▸ BRIEF: Pictures excluded, set down exactly the lines from the one containing "BIG-Bobby-Car Neo Blau Rutschfahrzeug" through the final line of the material, and only those.
*** AVAILABLE DATA Section Begins ***
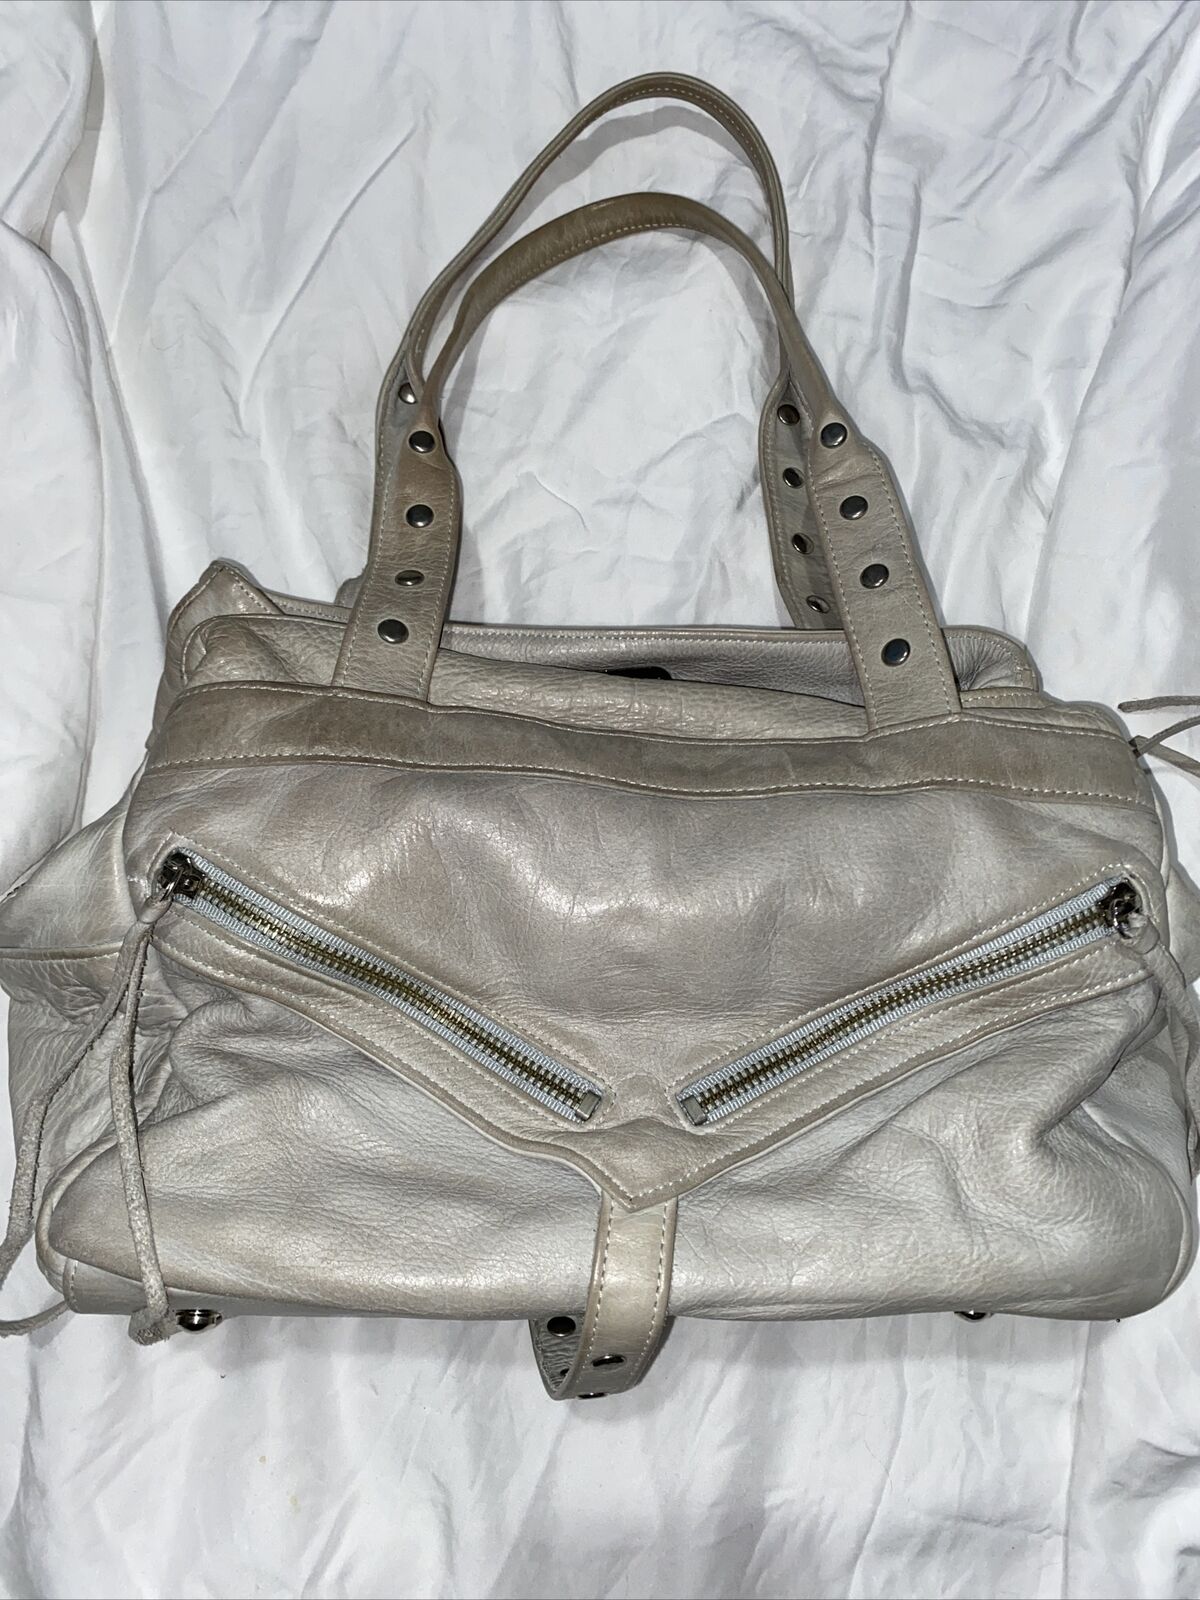 Gray Botkier Leather Satchel Handbag with Hardware
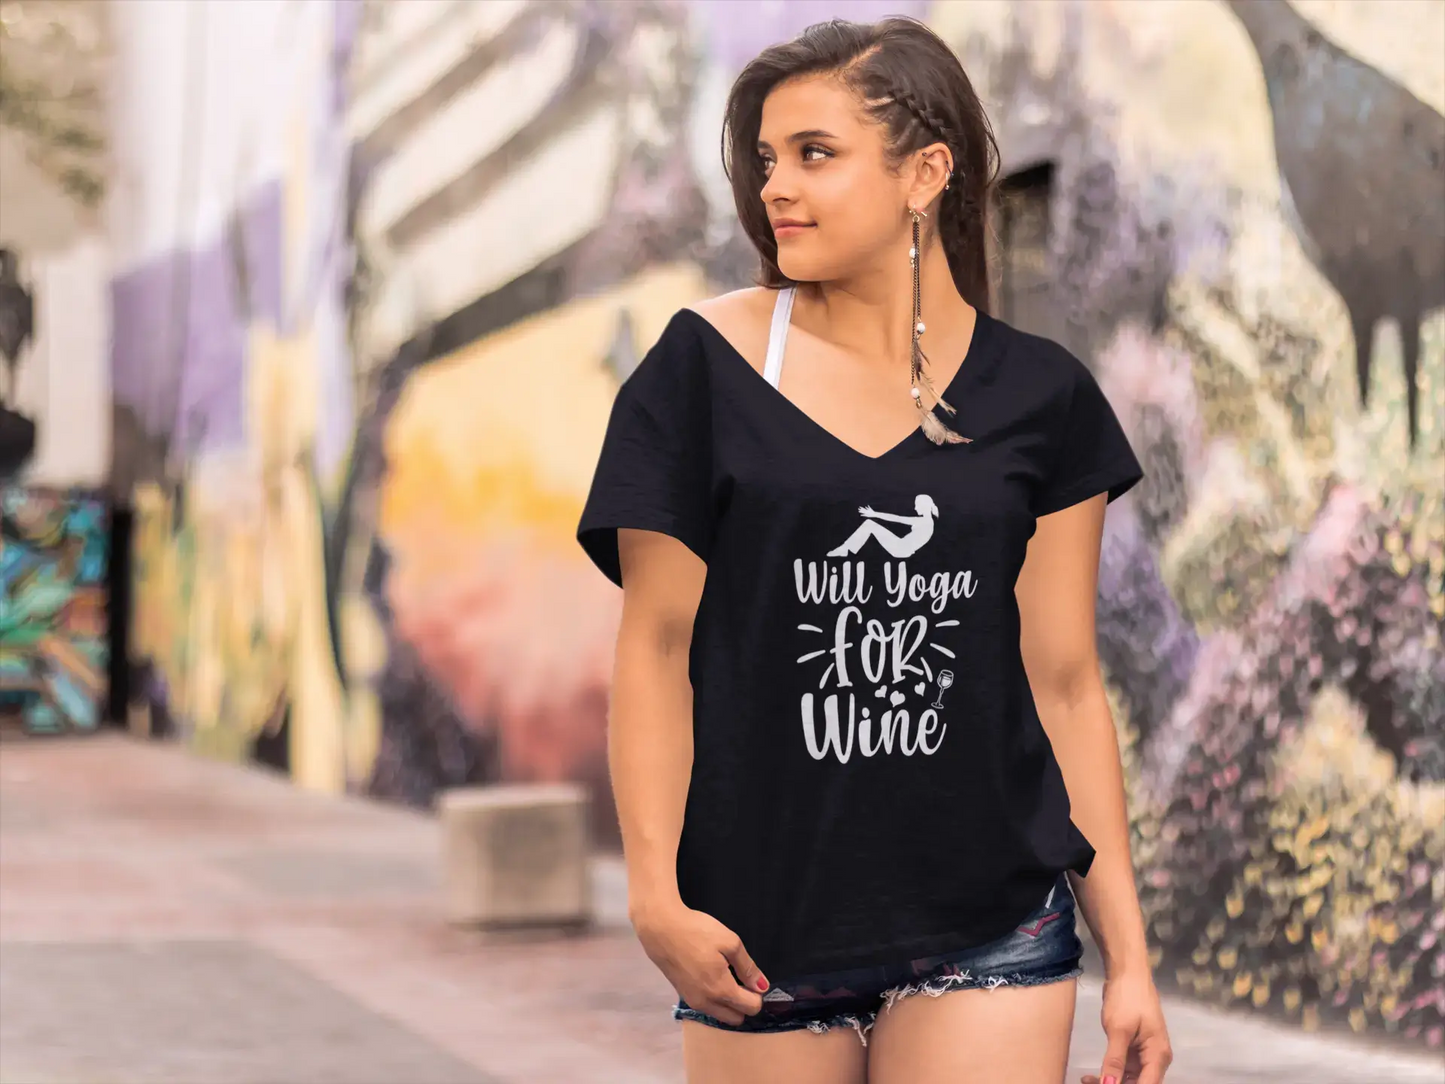 ULTRABASIC Women's T-Shirt Will Yoga For Wine - Funny Tee Shirt
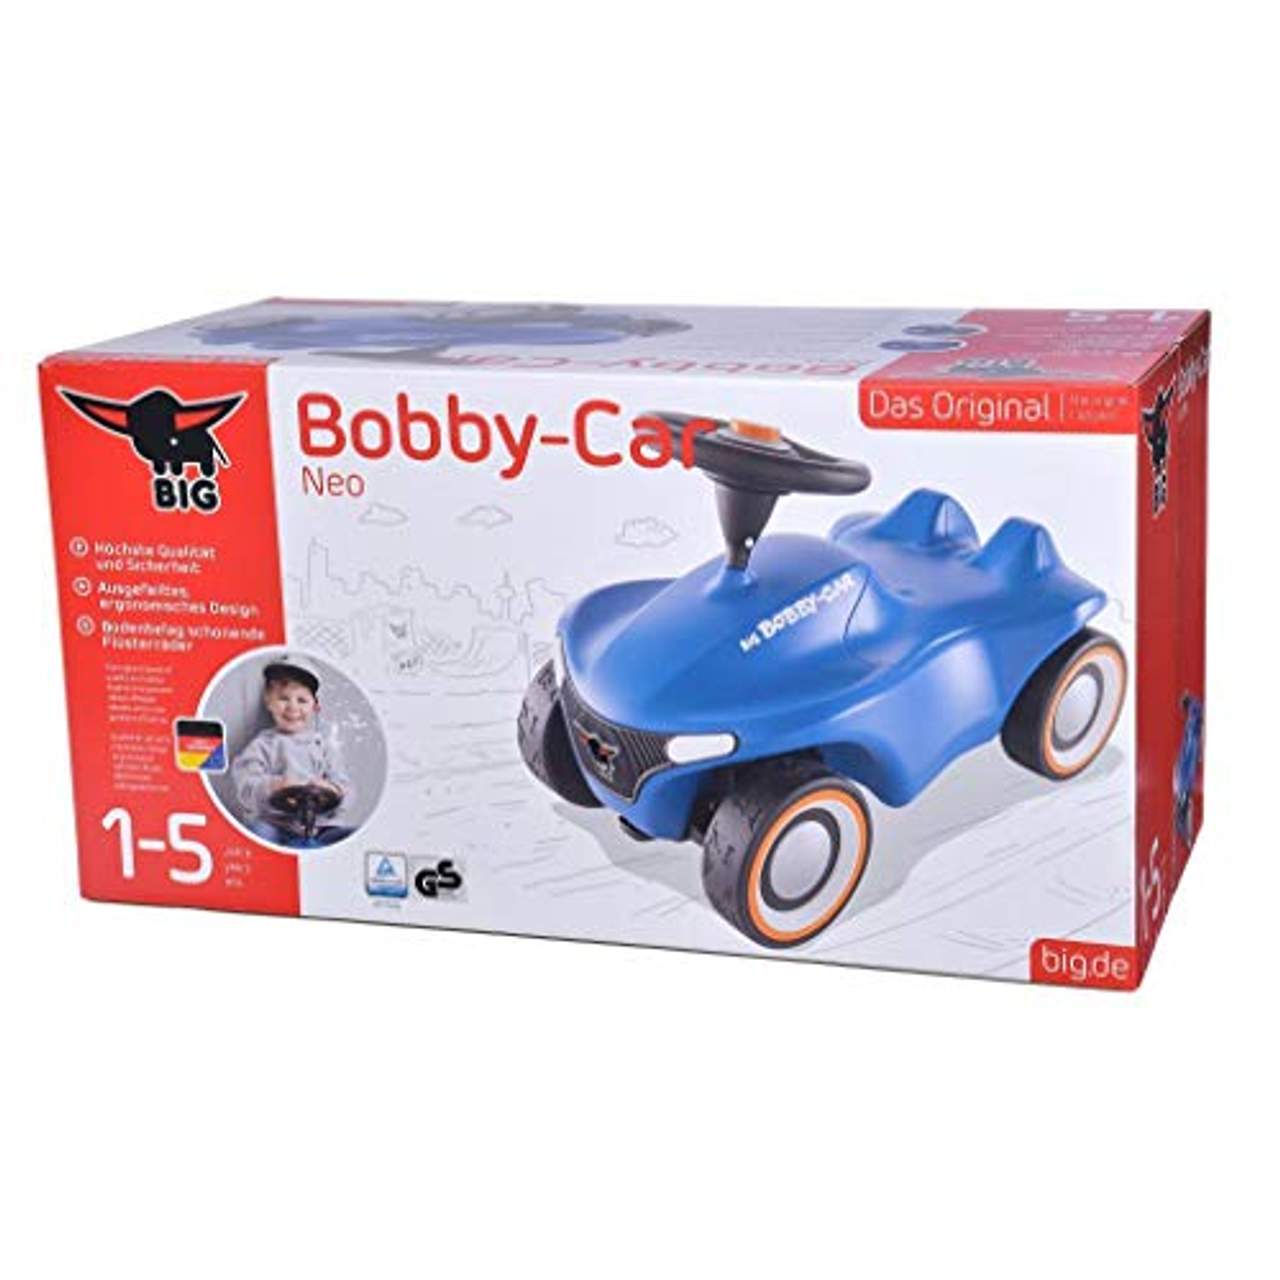 BIG-Bobby-Car Neo Blau Rutschfahrzeug
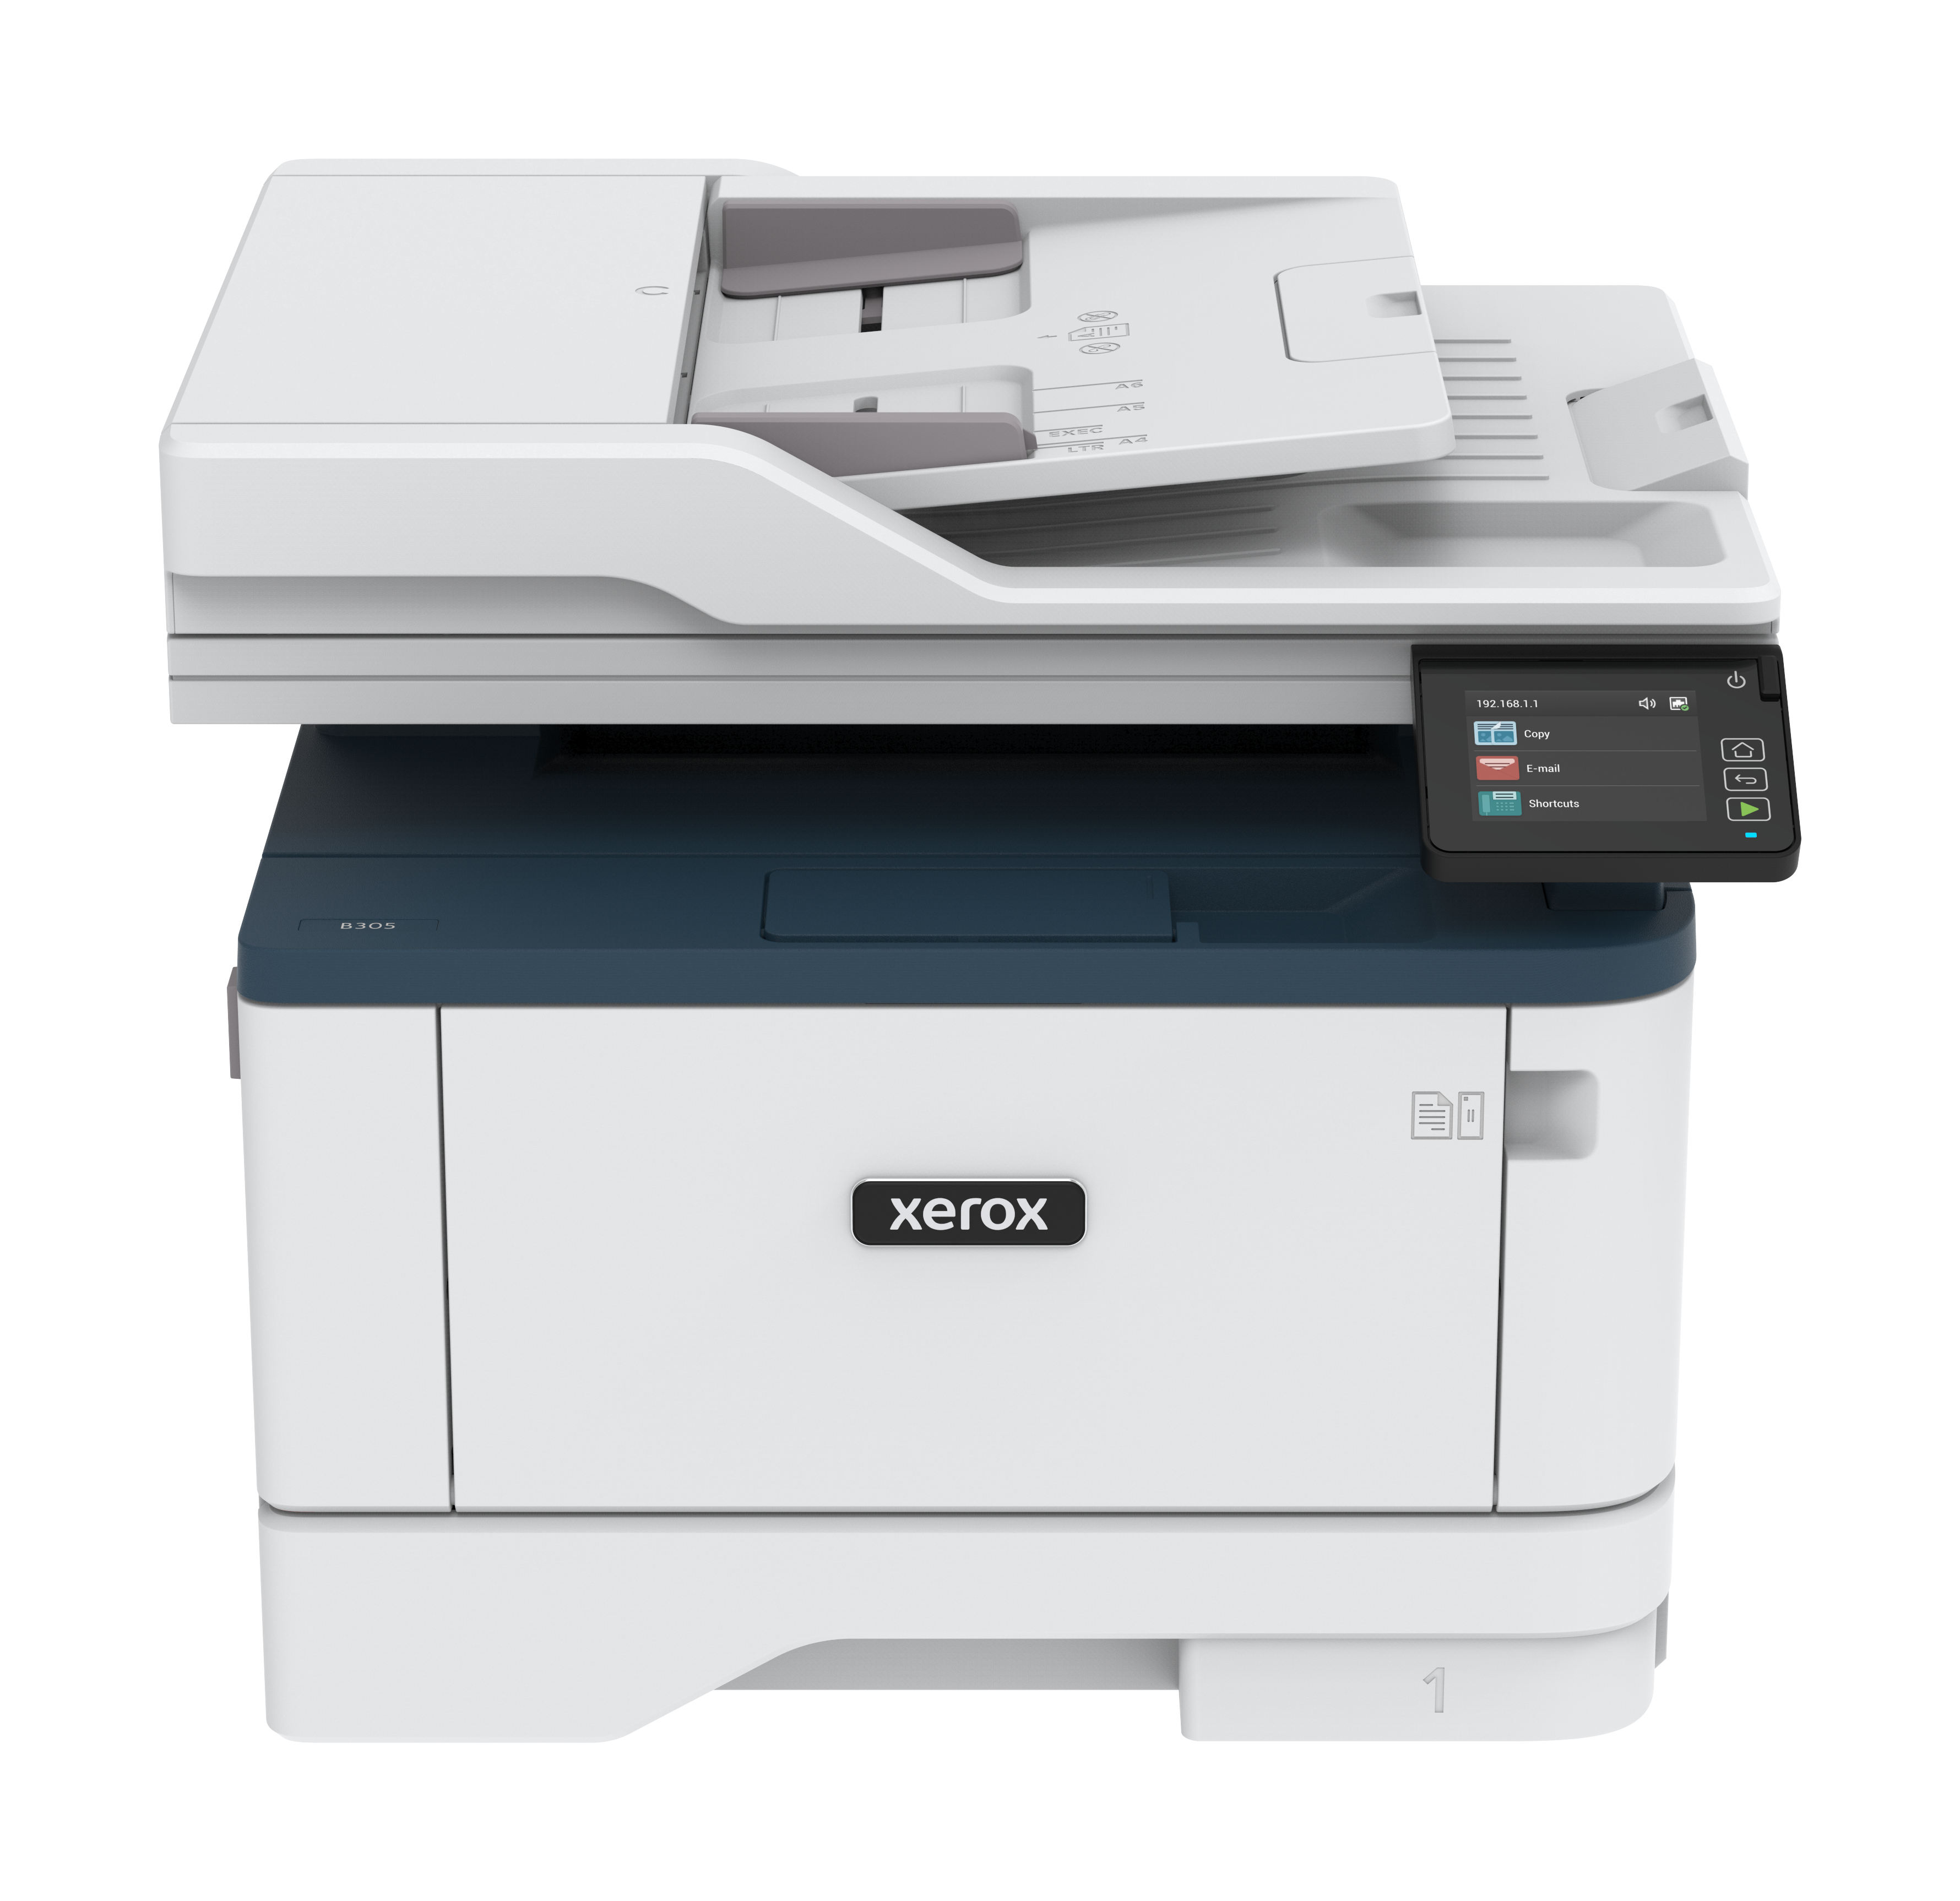 Xerox B305 A4 38 ppm trådlös dubbelkopiering/utskrift/scanning PS3 PCL5e/6 2 magasin 350 ark
*** AVAILABLE DATA Section Ends ***
▸ PROBLEM SOLUTION:
 BIG-Bobby-Car Neo Blau Rutschfahrzeug
 Xerox B305 A4 38 ppm trådlös dubbelkopiering/utskrift/scanning PS3 PCL5e/6 2 magasin 350 ark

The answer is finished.